Generally speaking, keep your alt text to no more than 140 characters in length. Be critical with your word choice and don’t use waste words. For example, rather than setting alt text to “a picture of Neil Hatfield wearing a shirt and time”, use “headshot of Neil Hatfield”. Example of waste words include phrases such as “a plot of”, “a histogram of”, “a pie chart of”, etc. Focus your alt text on describing the vital aspects of the plot.
13.9.2 Alt Text via ARIA
If a graph is particularly complicated and/or you need more than 140 characters, you might want to consider using Accessible Rich Internet Applications (ARIA) to assist us in writing some labels that will stand in place of formal alt text.
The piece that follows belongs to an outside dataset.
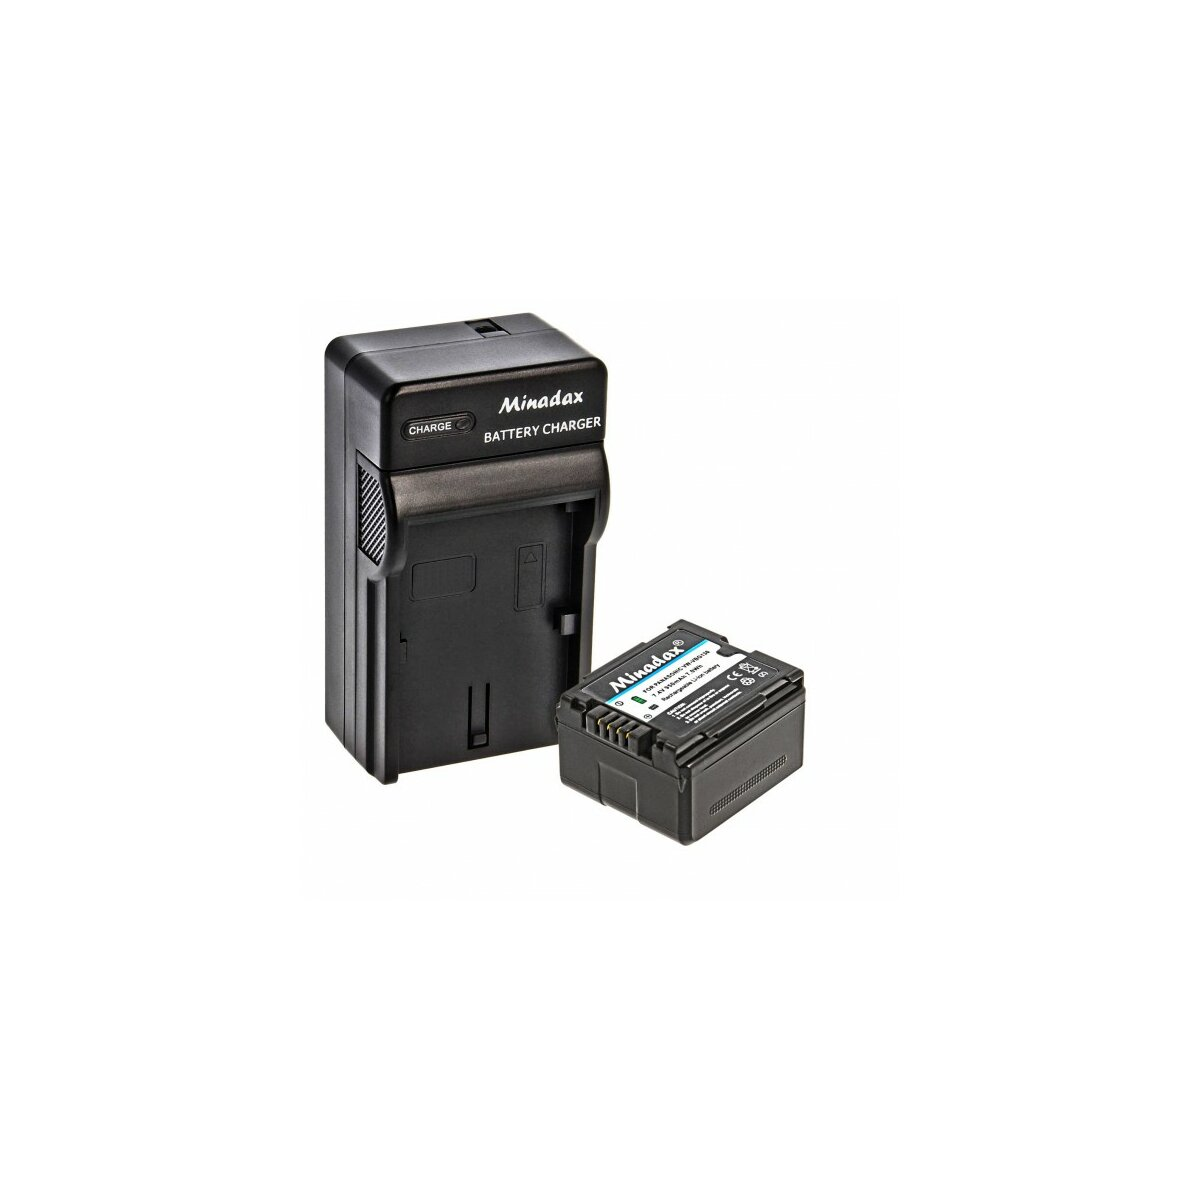 Minadax® Ladegeraet 100% kompatibel fuer Panasonic VW-VBG130 inkl. Auto Ladekabel, Ladeschale austauschbar + 1x Akku wie VW-VBG130
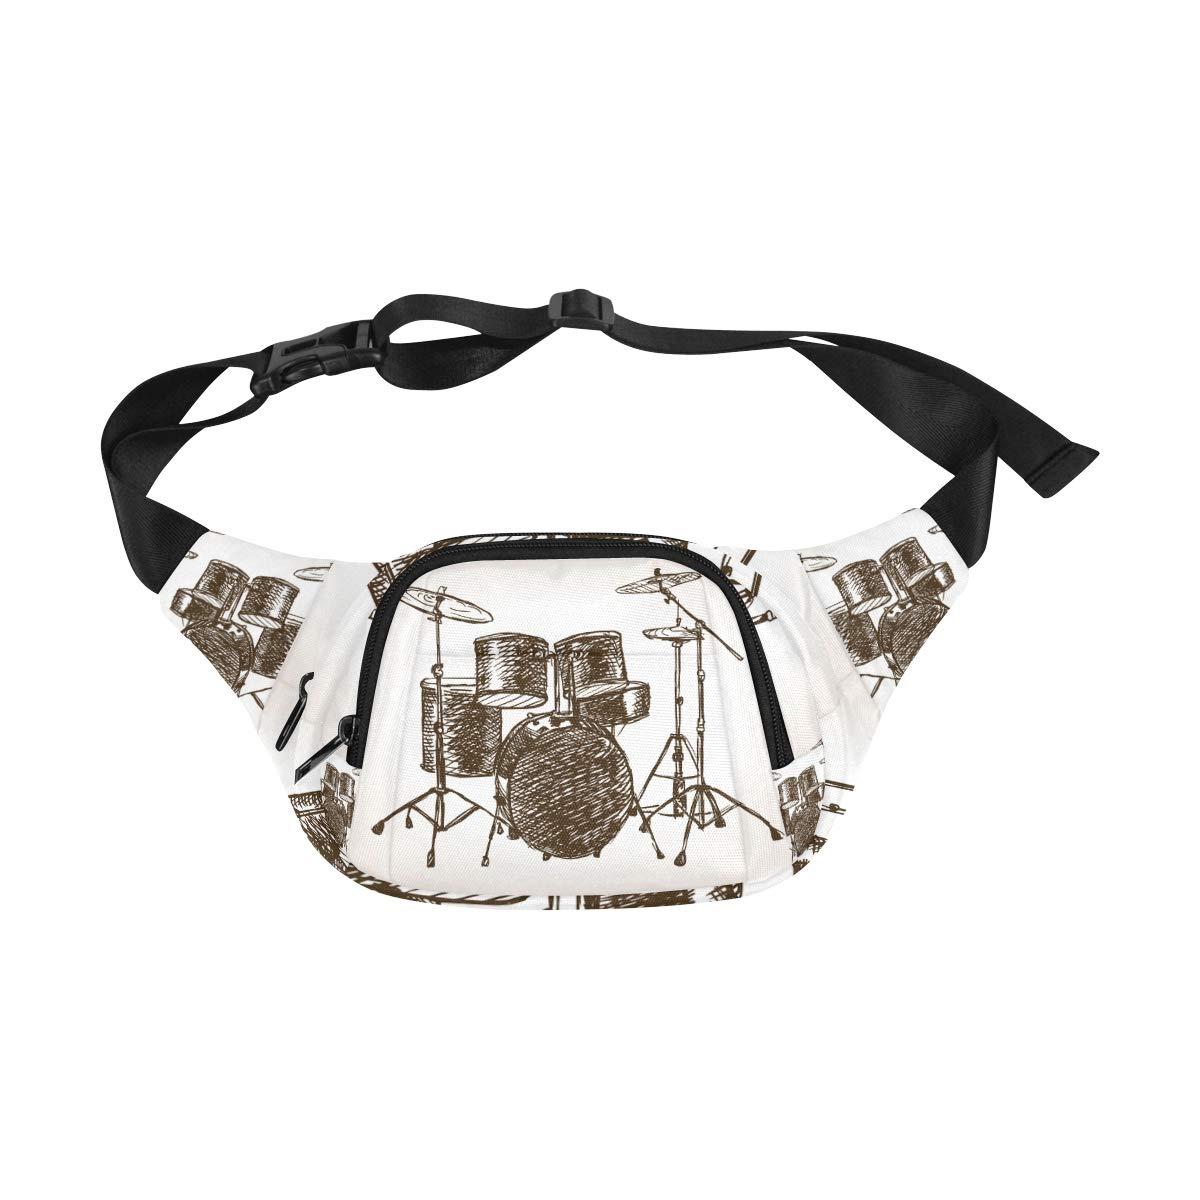 Hand Drawn Musical Drum Set Fenny Packs Waist Bags Adjustable Belt Waterproof Nylon Travel Running Sport Vacation Party For Men Women Boys Girls Kids

To do this, you will need to make use of the following code:
# [code omitted]
# In the UI section, in the appropriate tabItem
plotOutput(outputId = plotID) # Look for lines like this
# Code for adding the aria label
tags$script(HTML(
"$(document).ready(function() {
document.getElementById('plotId').setAttribute('aria-label',
`General description of the plot`)
})"
))
# [code omitted]
Important things to note:
- Place the
tags$script(HTML(...))
code right after each instance ofplotOutput
. - Copy the above code as formatted
- Change the two (2) pieces for each particular plot
- Replace
plotId
(keep the single quotation marks in the code) - Replace
General description of the plot
(keep the single quotation marks in the code)
- Replace
ARIA labels can be used in conjunction with alt text. Additionally, if you have a complex plot, you might want to type up a description of the plot that you’ll place in your app for all users to see. We can use ARIA commands to direct screen readers to connect the plots to any paragraph elements as well. Keep in mind that thinking about accessibility improves your app for all users.